Bigger is better in the business world. So, naturally companies bulk up to position themselves for growth, whether here at home or abroad. But as the deal flow increases, there’s concern this wave of M&A could erode competition in certain industries.

Canada’s Competition Bureau, however, seems ill-prepared to assess the after-effects of market consolidation because it has insufficient power, tools and financial resources compared to antitrust watchdogs in other countries.

The Trudeau government, which plans to unveil the federal budget on April 19, would be wise to use the opportunity to rejuvenate the independent law enforcement agency given a predicted surge in deals this year.

“Competition is more important than ever, given the rapid growth of the digital economy and the role of competitive markets in the economic recovery,” said Sophie Paluck-Bastien, a Competition Bureau spokesperson.

“Many other jurisdictions, including the United States, the United Kingdom, Australia, Germany and New Zealand, are already taking action to ensure they have the right tools to tackle competition issues in the data-driven digital economy.”

Canada cannot afford to lag.

By its own admission, the Competition Bureau lacks both the clout and capacity to keep big companies in check.
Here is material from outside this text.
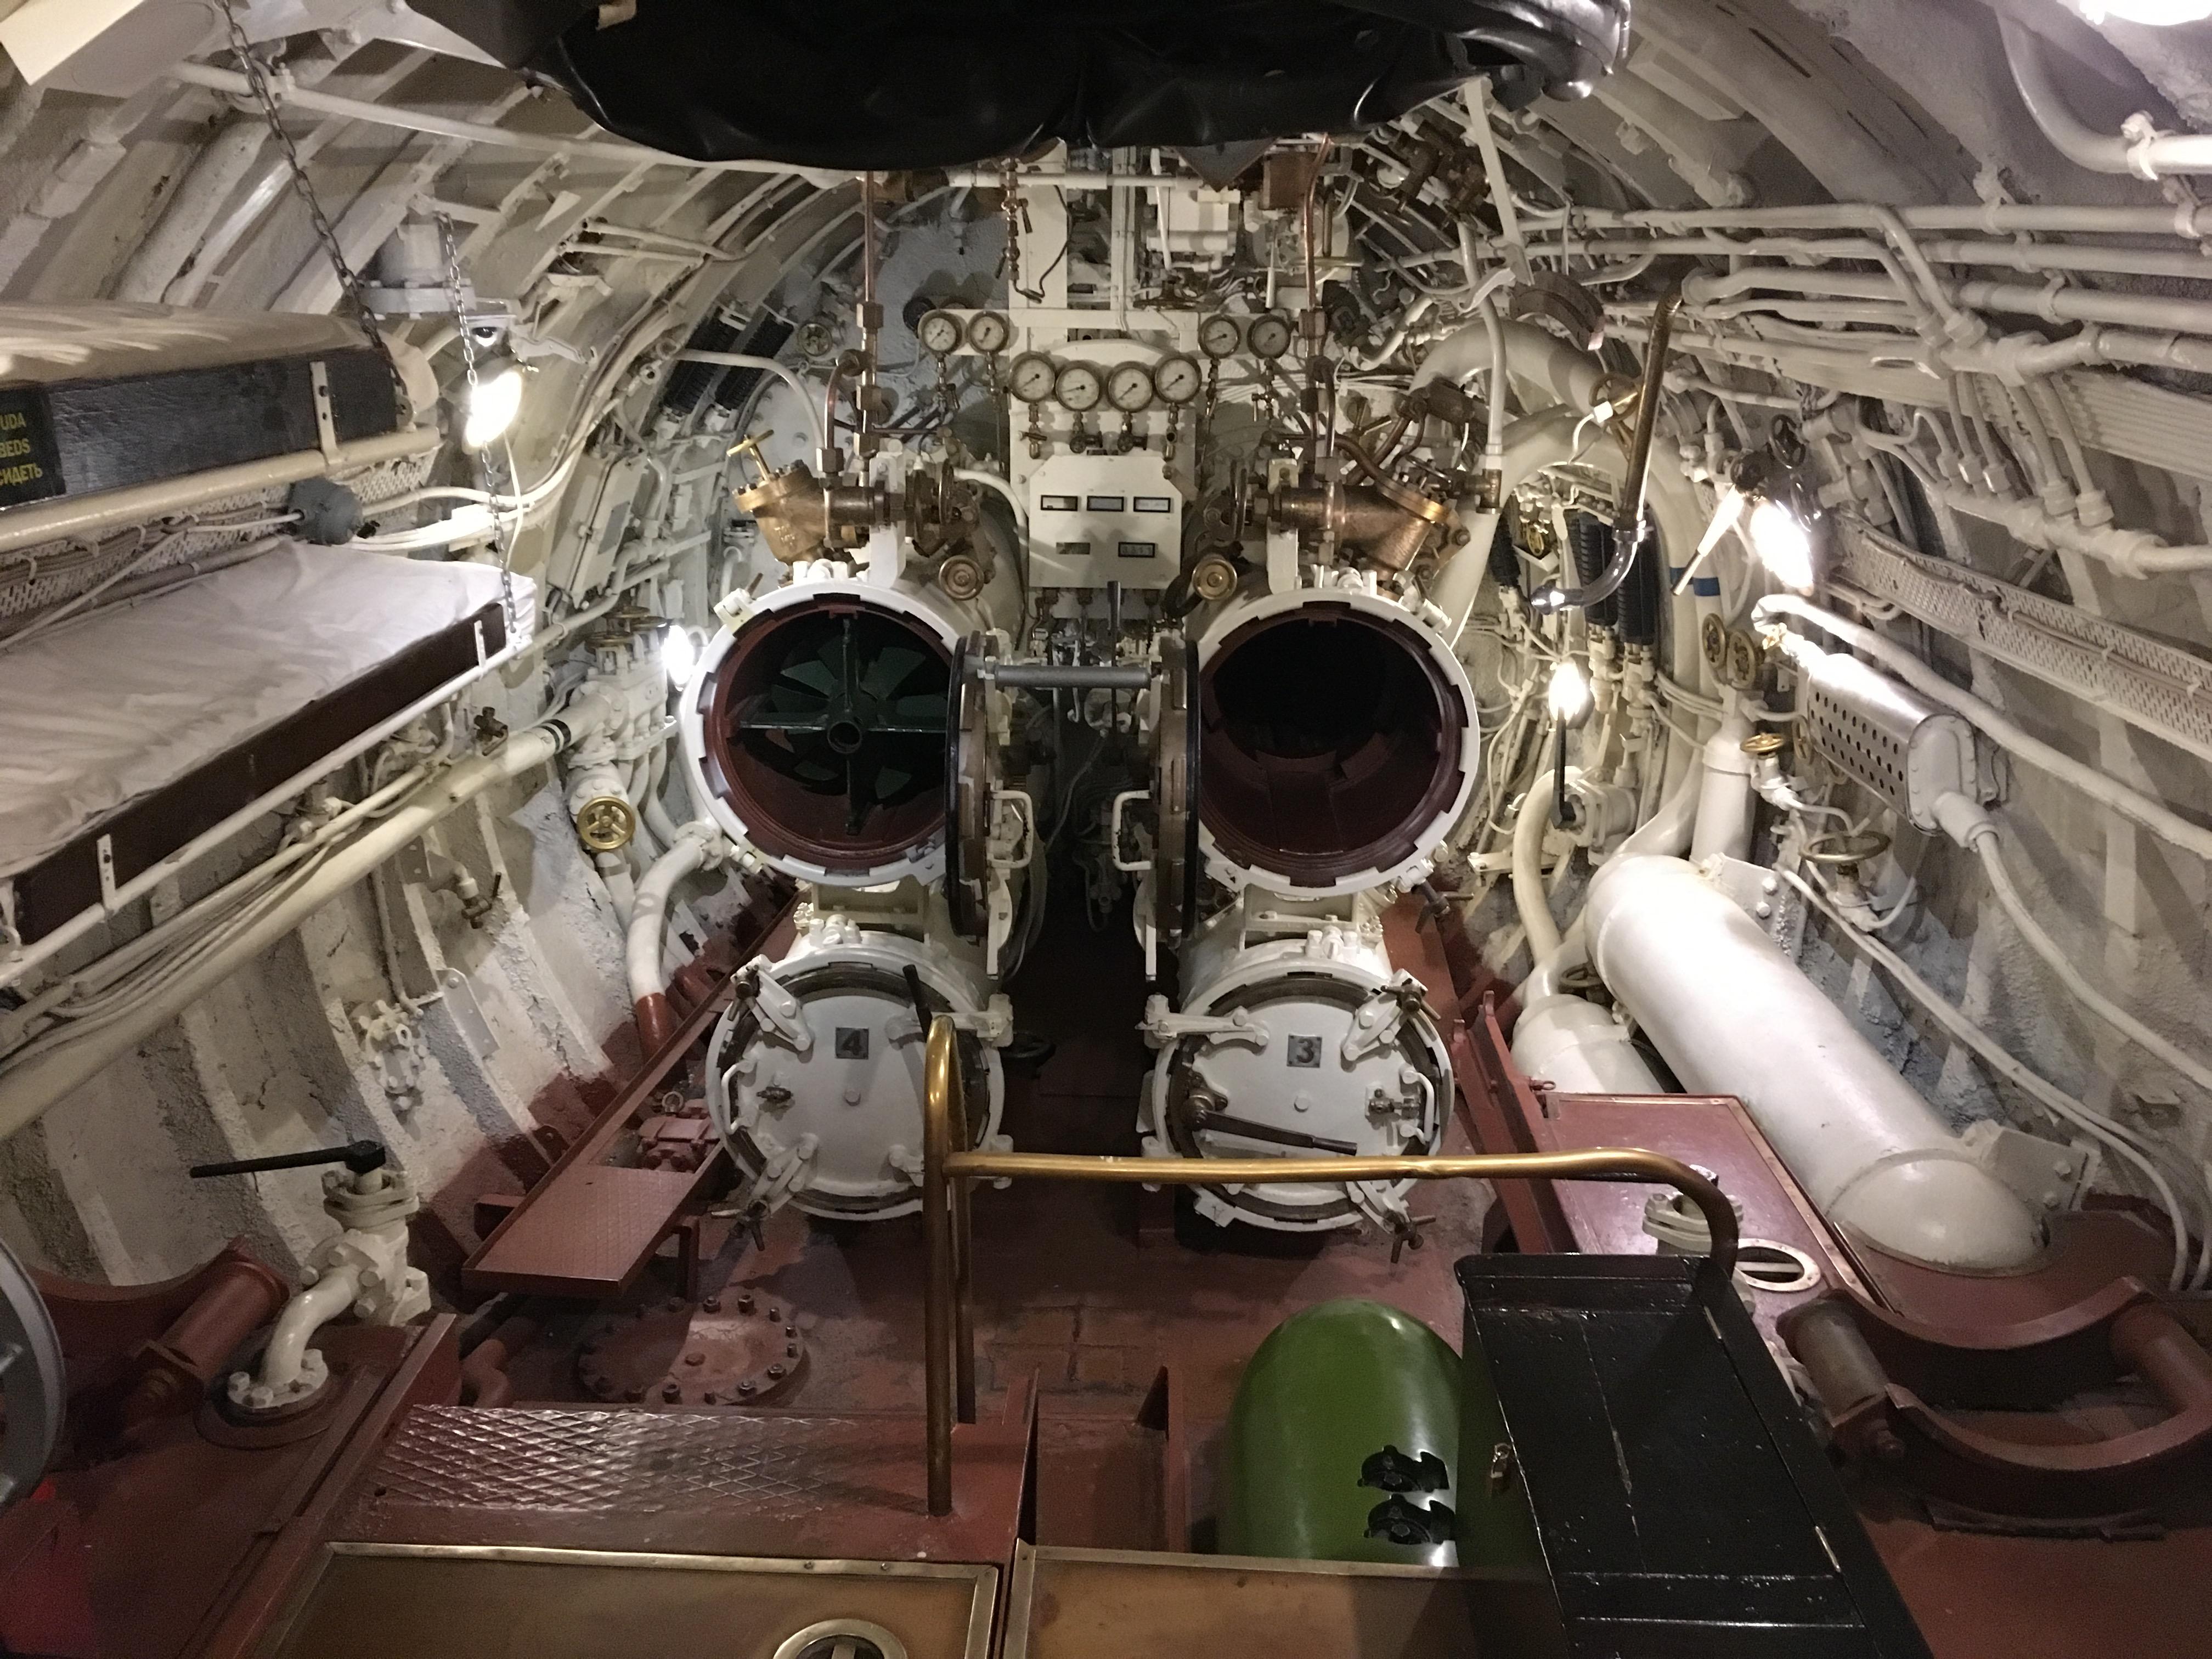 Lembit submarine, Estonian Maritime Museum in Tallinn

Commissioner of Competition Matthew Boswell has previously said the Competition Bureau, unlike other antitrust authorities, can’t compel parties to hand over information for market studies. So how can it accurately gauge competition or assess the impact of major deals?
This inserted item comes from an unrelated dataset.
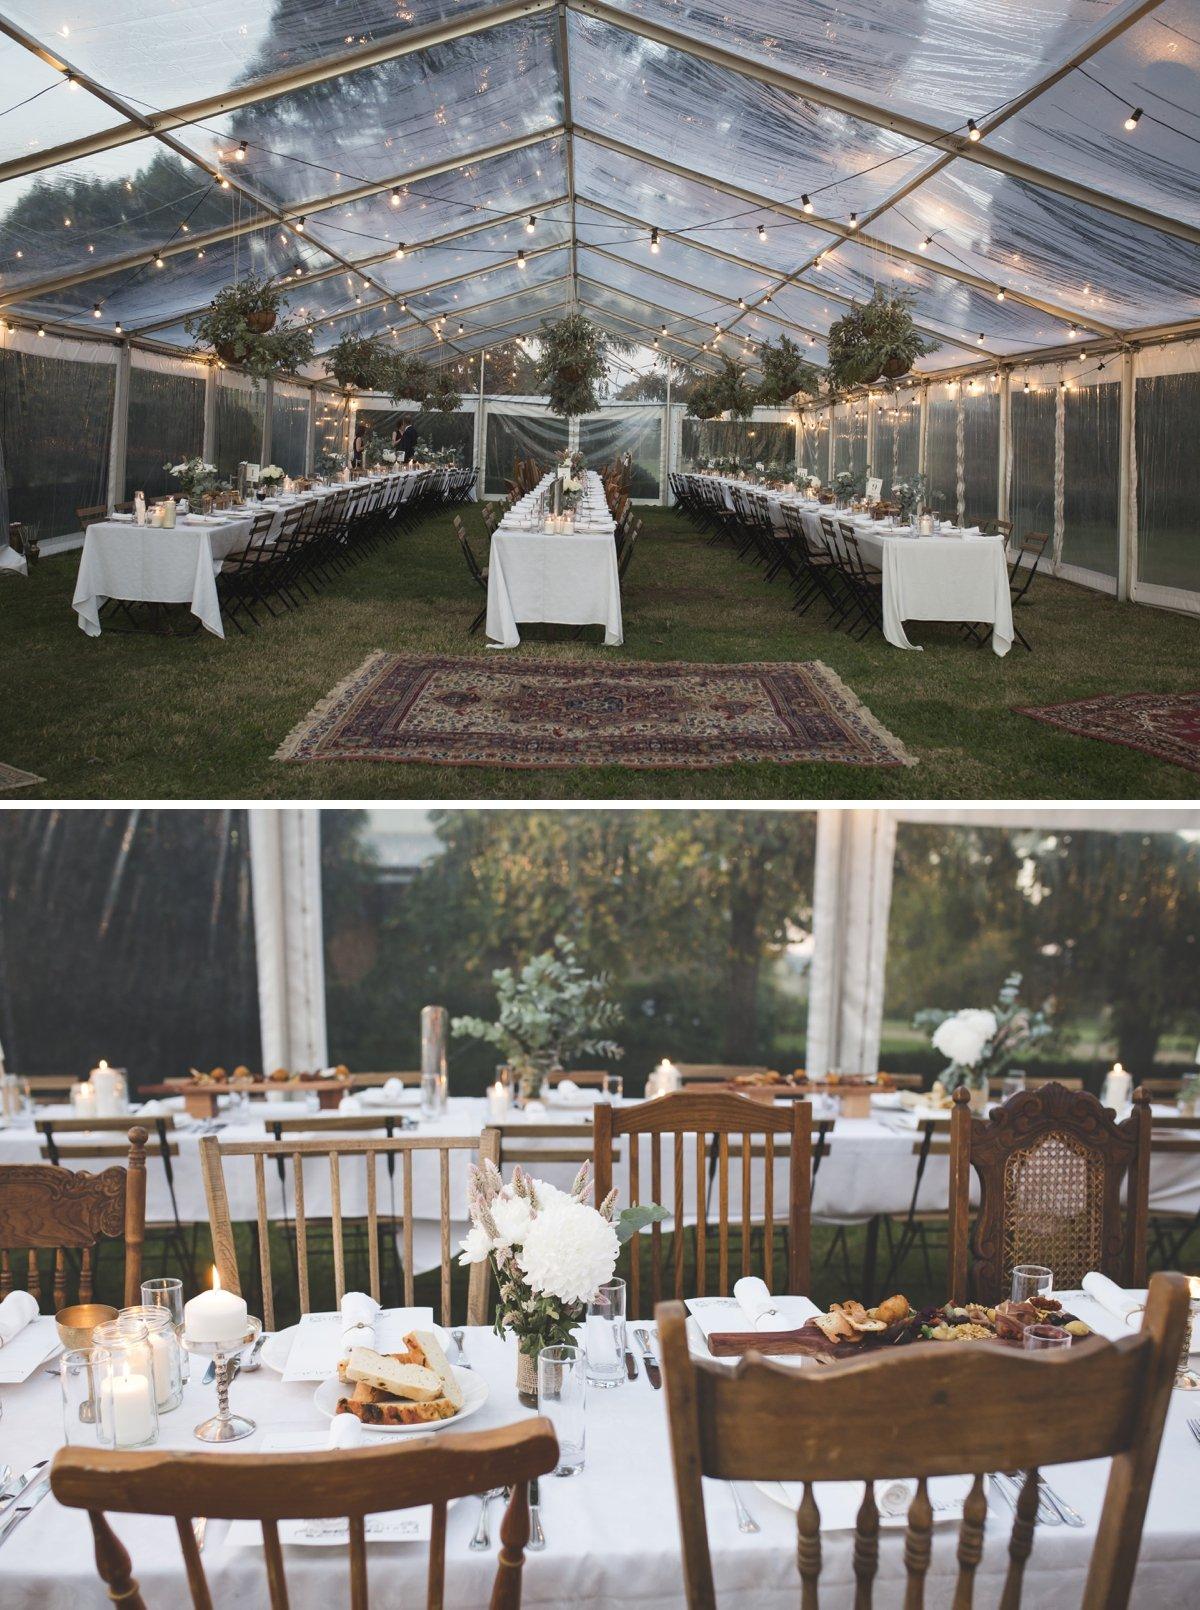 Wagga Wagga Wedding Photographer at Borambola Winery Wagga Wagga Albury wedding photographer Culcairn wedding venue_1147

It’s also saddled with outdated legislation. Section 96 of the Competition Act, for instance, provides a loophole for companies doing deals. Known as the efficiencies exception, the provision limits the Competition Bureau’s ability to intercede if companies show that expected efficiencies from a merger would eclipse any potential reduction of competition. That sets a high bar for intervention – a standard that’s reinforced by legal precedent.
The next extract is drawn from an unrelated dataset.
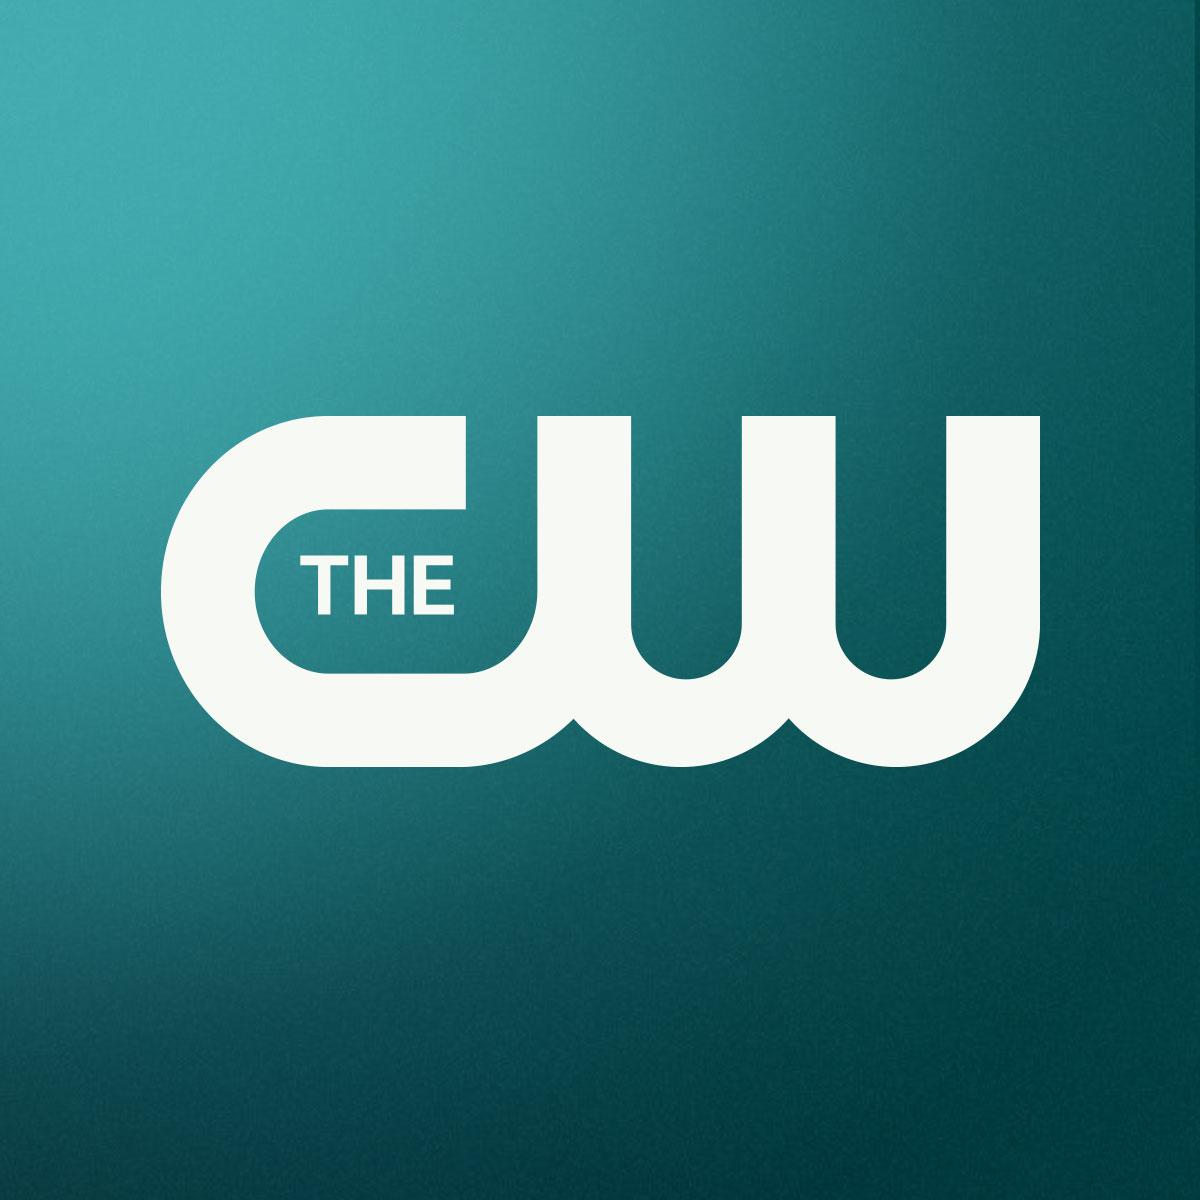 The CW tv logo

The legislation must be changed because the Competition Bureau needs latitude to intervene on deals if they could impair future competition.

Additionally, companies should face stiffer fines if they misuse their market position. Currently, the maximum financial penalties that can be imposed for civil offences, such as abuse of dominance, under the Competition Act is $10-million for a first offence and $15-million for subsequent offences. For large companies, that’s just the cost of doing business.

Ottawa should also increase the Competition Bureau’s allowance. One wonders what kind of penny pinching goes on given its annual budget is a paltry $51.96-million.

“The bureau supports any measure that ensures Canada is equipped with modern legislation and tools that are appropriate for the digital age,” added Ms. Paluck-Bastien.

This M&A deal cycle is crunch time for antitrust authorities. It’s been 13 years since the Competition Policy Review Panel aptly concluded that Canada suffers from “insufficient entrepreneurial ambition.”

That problem has festered for far too long. Not only has there been a decline in the number of publicly traded companies over the years, market consolidation and M&A activity have increased – trends that don’t bode well for competition.

A 2019 study, entitled Are Industries Becoming More Concentrated? The Canadian Perspective, argues that large companies have become “more dominant” in recent decades and that increased market concentration has led to higher profit margins for those businesses.

“We also find that the trend of consolidation is rather widespread and has affected over half of the Canadian industries,” the study said.

Authors Ray Bawania and Yelena Larkin, both of York University in Toronto, also conclude that “weak antitrust legislation and practices” and “increasing barriers to entry” have reduced competition.

There are tentative signs, however, the Trudeau government is mulling corrective action. The bureau’s Mr. Boswell was asked to provide the government with his input on the effectiveness of competition policy tools, marketplace frameworks and investigative and judicial processes.

Separately, the House of Commons standing committee on industry, science and technology plans to study competitiveness in Canada.

It’s problematic that our Competition Bureau has a reputation for largely rubber-stamping large deals. Canada deserves a world-class antitrust authority. The future of competition depends on it.